According to Carson, we were managing our society in a way that was completely incompatible with nature. She used the example of suburban programs that put Elm trees along city streets to make the community more aesthetically pleasing.

This action gave an unnaturally large haven to beetles deadly to Elm trees. If people had left nature alone, the beetles wouldn’t have overpopulated in their newly increased habitats which they were quickly destroying (Carson, p. 10). Carson also wrote of farms that concentrated on only one crop, therefore making it easy for a “bad” insect to grow beyond its normal level of the population (Carson, p.11).

“Nearly half of the 180 or so major insect enemies of plants within the United States are accidental imports from abroad, and most of them have come as hitchhikers on plants.” (Carson, p. 11).

Carson wanted the public to know pesticides impact air, soil, water, and even produce toxic chemical rain.

The problem with the management of society and nature was mainly our complete lack of knowledge and education about the immediate effects of pesticides and the effects of long-term use of pesticides.

To Move Forward, Society and Science Must Engage in Discourse and Work Toward a Common Goal

In Silent Spring, Carson proposed ways in which society and science had to change together in order to address the problems she discussed.

Carson said there must be adequate investigations by state and federal agencies and the people who use the chemicals should be educated about their potential risks.
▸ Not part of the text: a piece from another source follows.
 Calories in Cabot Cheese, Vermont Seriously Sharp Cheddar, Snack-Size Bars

Research needed to be performed on how pesticides affect the ecosystem.

The bridge between the scientific community and the public needed to be gapped so the public would become acutely aware of the dangers associated with pesticides.
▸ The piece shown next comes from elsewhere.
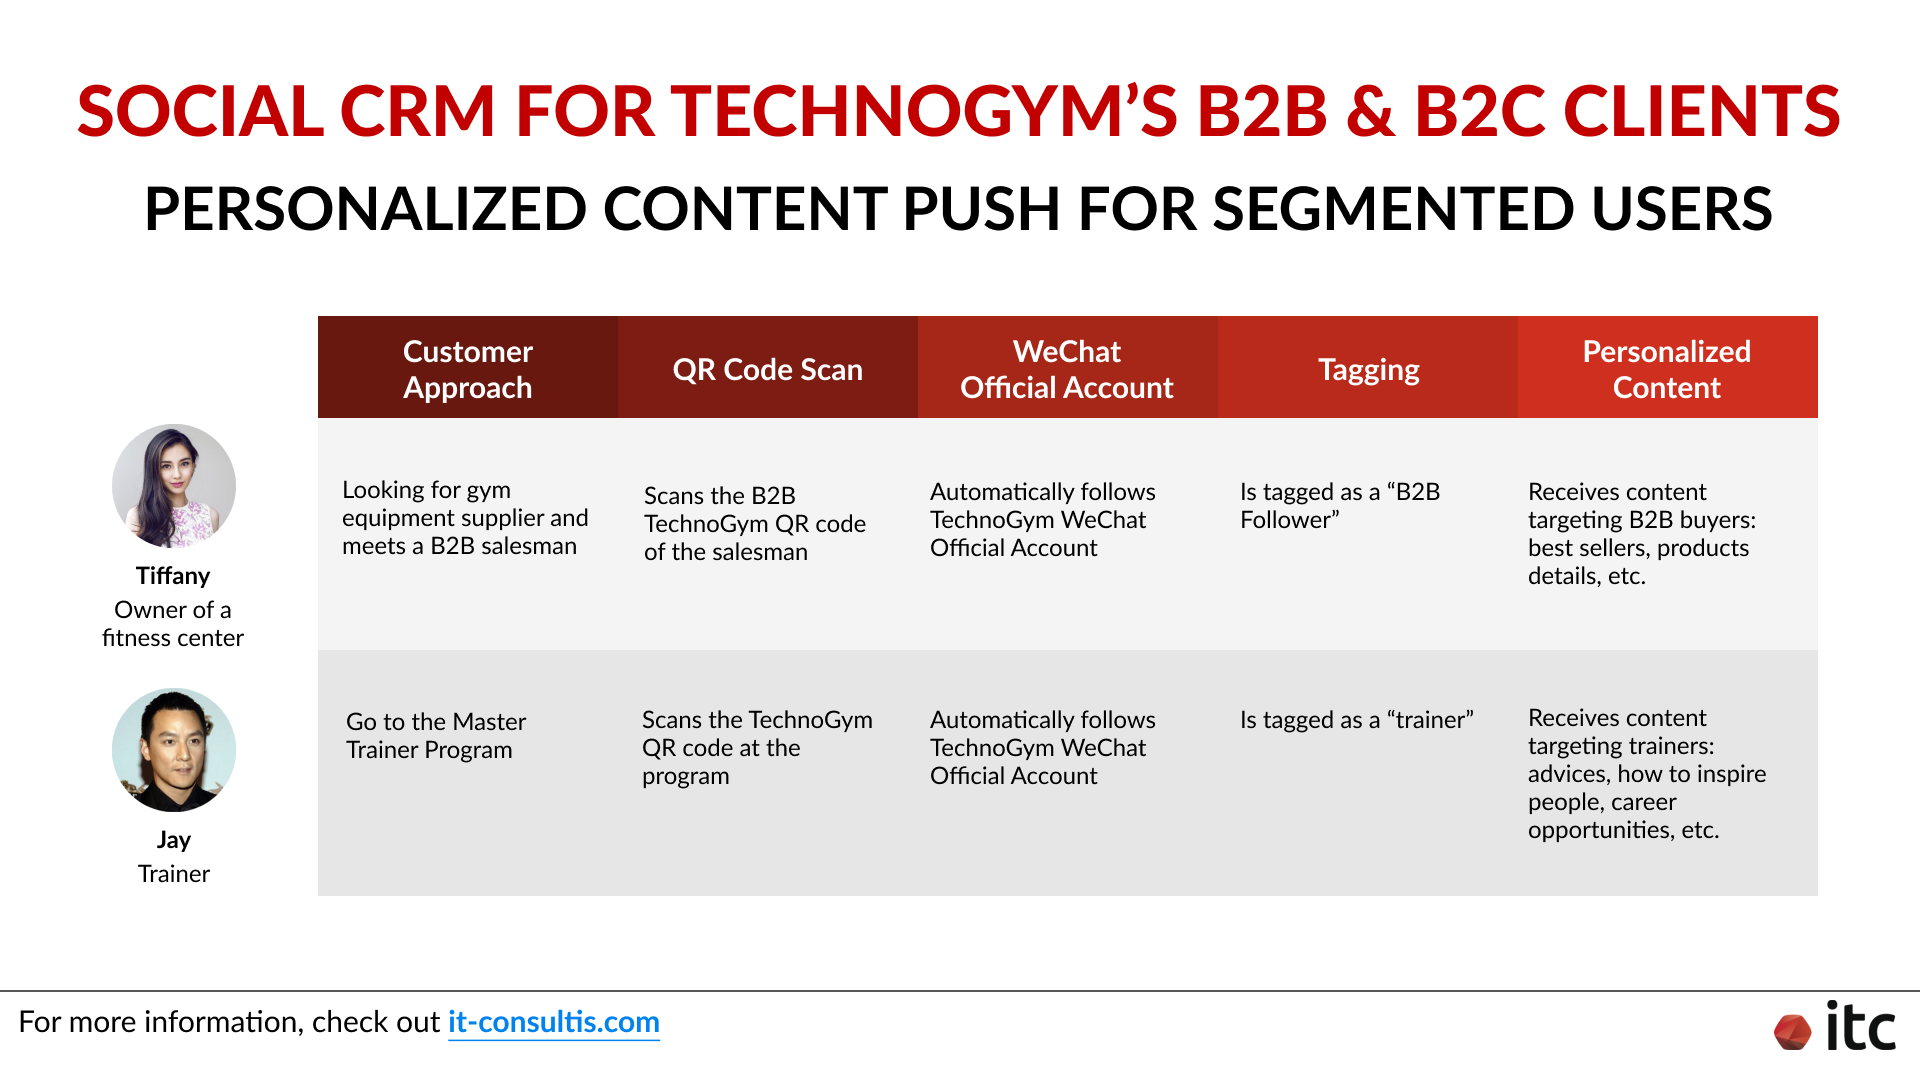 The process of pushing personalized content to TechnoGym's B2B and B2C clients via the Social CRM tool JingSocial

Carson believed, perhaps with naive optimism, that if the public had complete knowledge of pesticide use and risk, they would protest their use and participate in alternate methods of control.
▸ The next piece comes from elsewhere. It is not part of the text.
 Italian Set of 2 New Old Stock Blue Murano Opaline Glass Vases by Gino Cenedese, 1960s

“A truly extraordinary variety of alternatives to the chemical control of insects is available…All have this in common: they are biological solutions, based on understanding of the living organisms they seek to control, and the whole fabric of life to which these organisms belong.” (Jamison and Eyerman, p. 99).

Carson believed most strongly in education, and once educated, in agitation. She probably felt that political, economic, and industrial agitation were worth the price of sustaining life long-term — even those entities that fought so hard against her ideas.

Carson’s Continued Influence Today

Carson’s work, especially Silent Spring which sold over 2 million copies, is credited with bringing about the formation of the EPA (Environmental Protection Agency), even though this occurred after her death. Many credit Carson with the origination of Earth Day.

For a more recent overview of Carson’s contribution to science, watch the 2019 PBS series: Rachel Carson: She Set Out to Save a Species…US. Greta Thunberg reminds some of Rachel Carson, so much so that there are even people who believe Thunberg is Carson reincarnate. The Rachel Carson Award was established in 1991 and is awarded every two years. Environmental activist, Thunberg, is the most recent award recipient in 2019.

Our species seems to be waking up to Carson’s message — we must find a way to host a symbiotic relationship between science and nature — humanity and nature.

We risk losing our species’ evolution if we don’t start using our capacity for whole-picture and long-term thinking. We will face extinction if we cannot figure out how to value lives beyond our own time here on earth.

Originally printed in Lessons From History on November 2021.